• _DATA BELOW_
------------------------------------------------------------
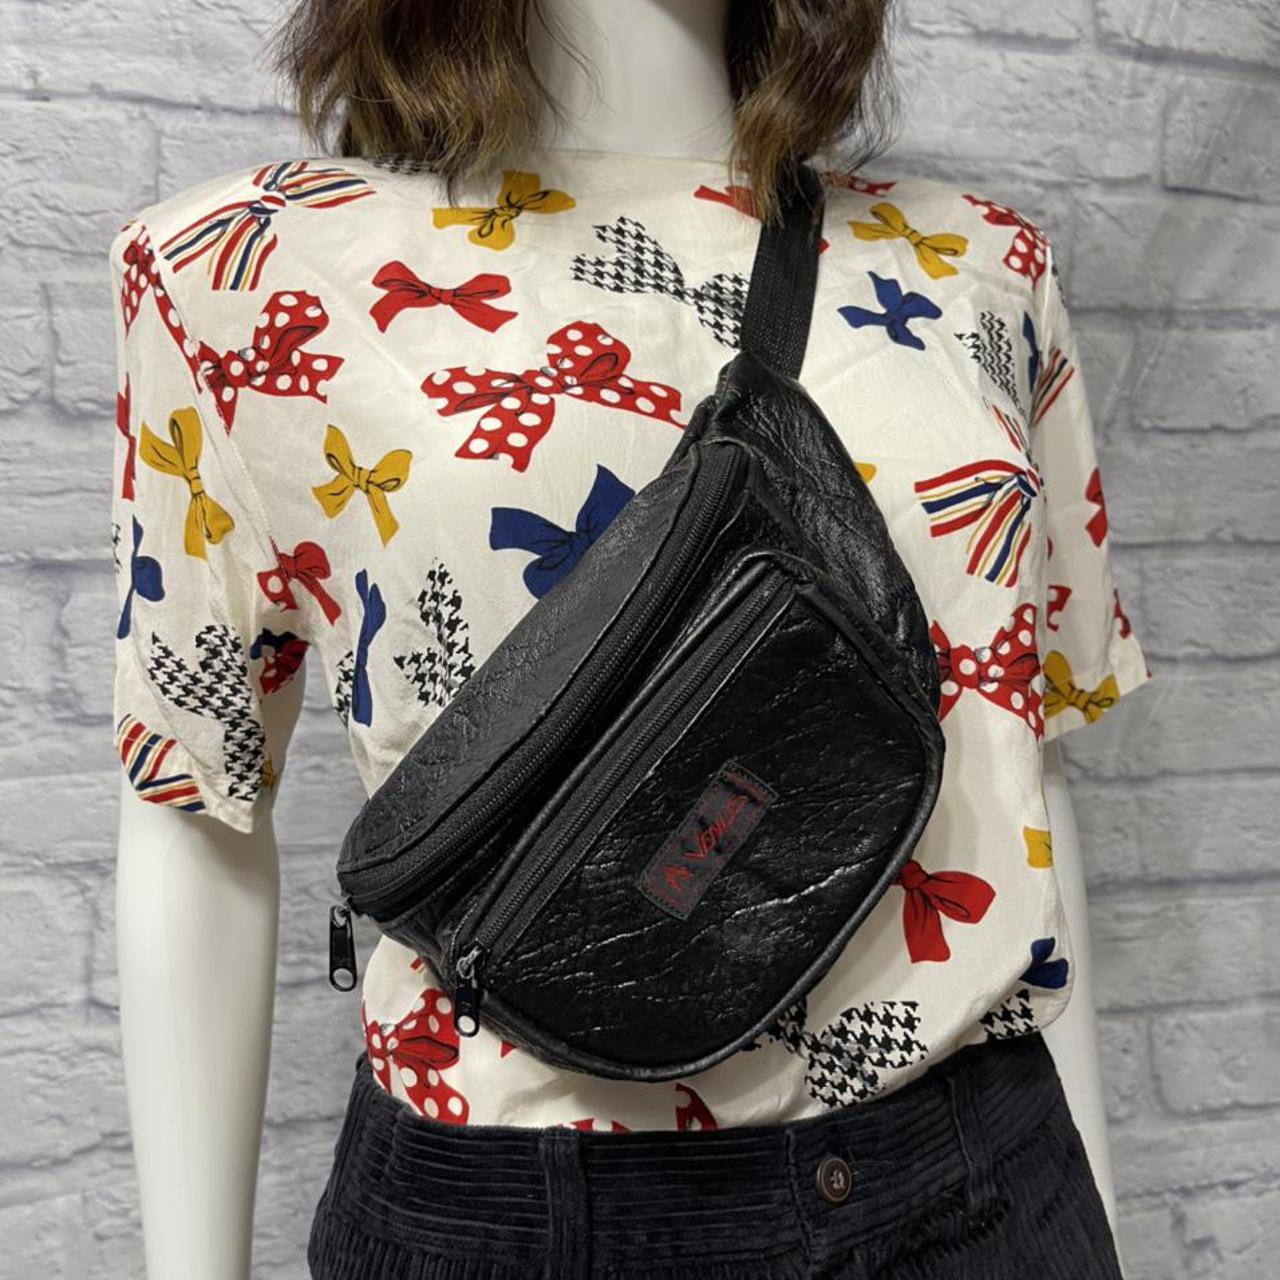 Product Image 1 - ▪️Vintage Fanny Pack▪️
Brand: Venus- From
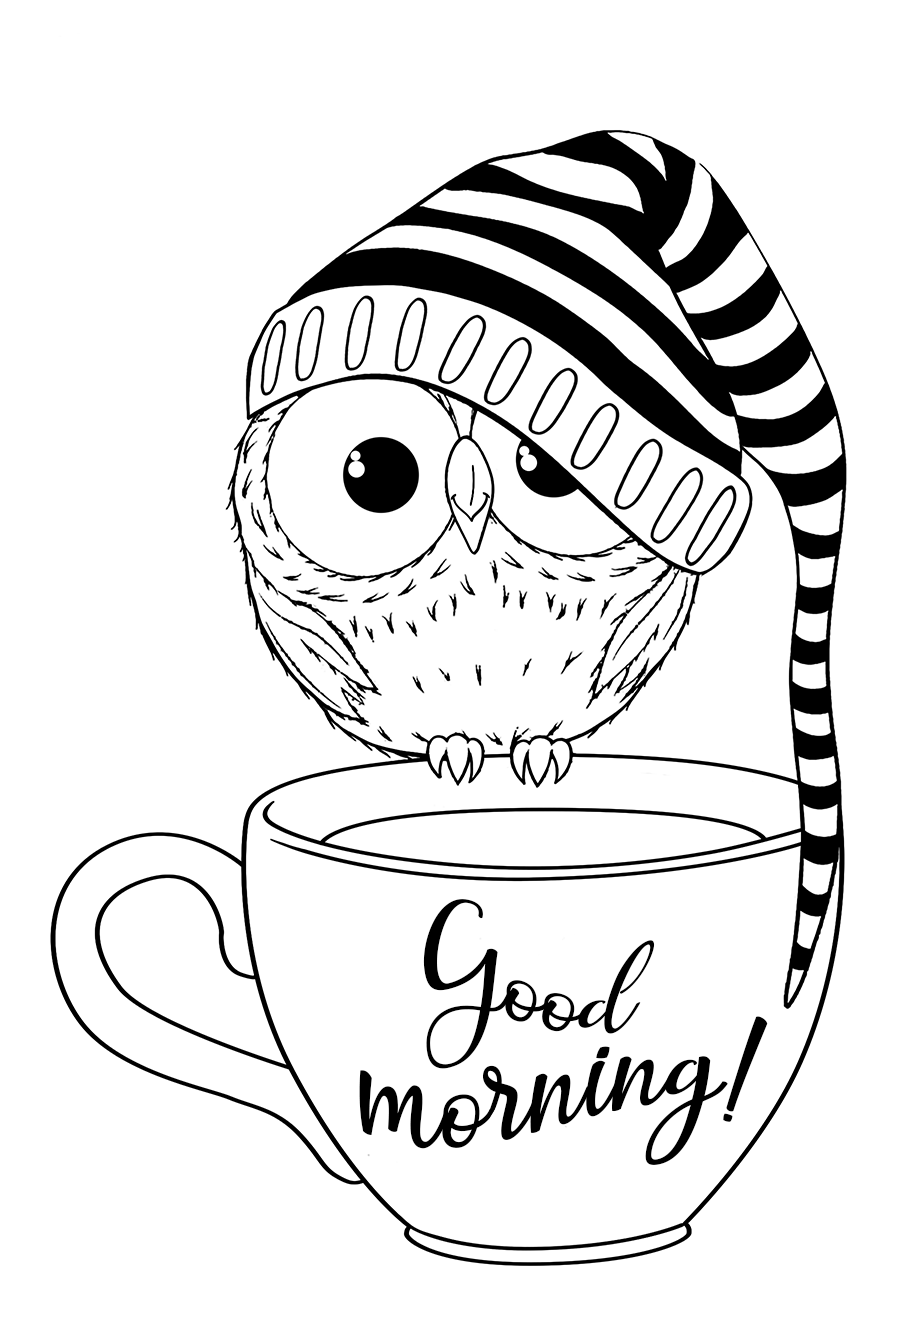 Good Morning Coloring Pages with Cup
------------------------------------------------------------
• _YOUR OBJECTIVE_
None of the pictures should be kept; reproduce all the remaining material exactly.

• _EXERCISE RESULT_
 Product Image 1 - ▪️Vintage Fanny Pack▪️
Brand: Venus- From
 Good Morning Coloring Pages with Cup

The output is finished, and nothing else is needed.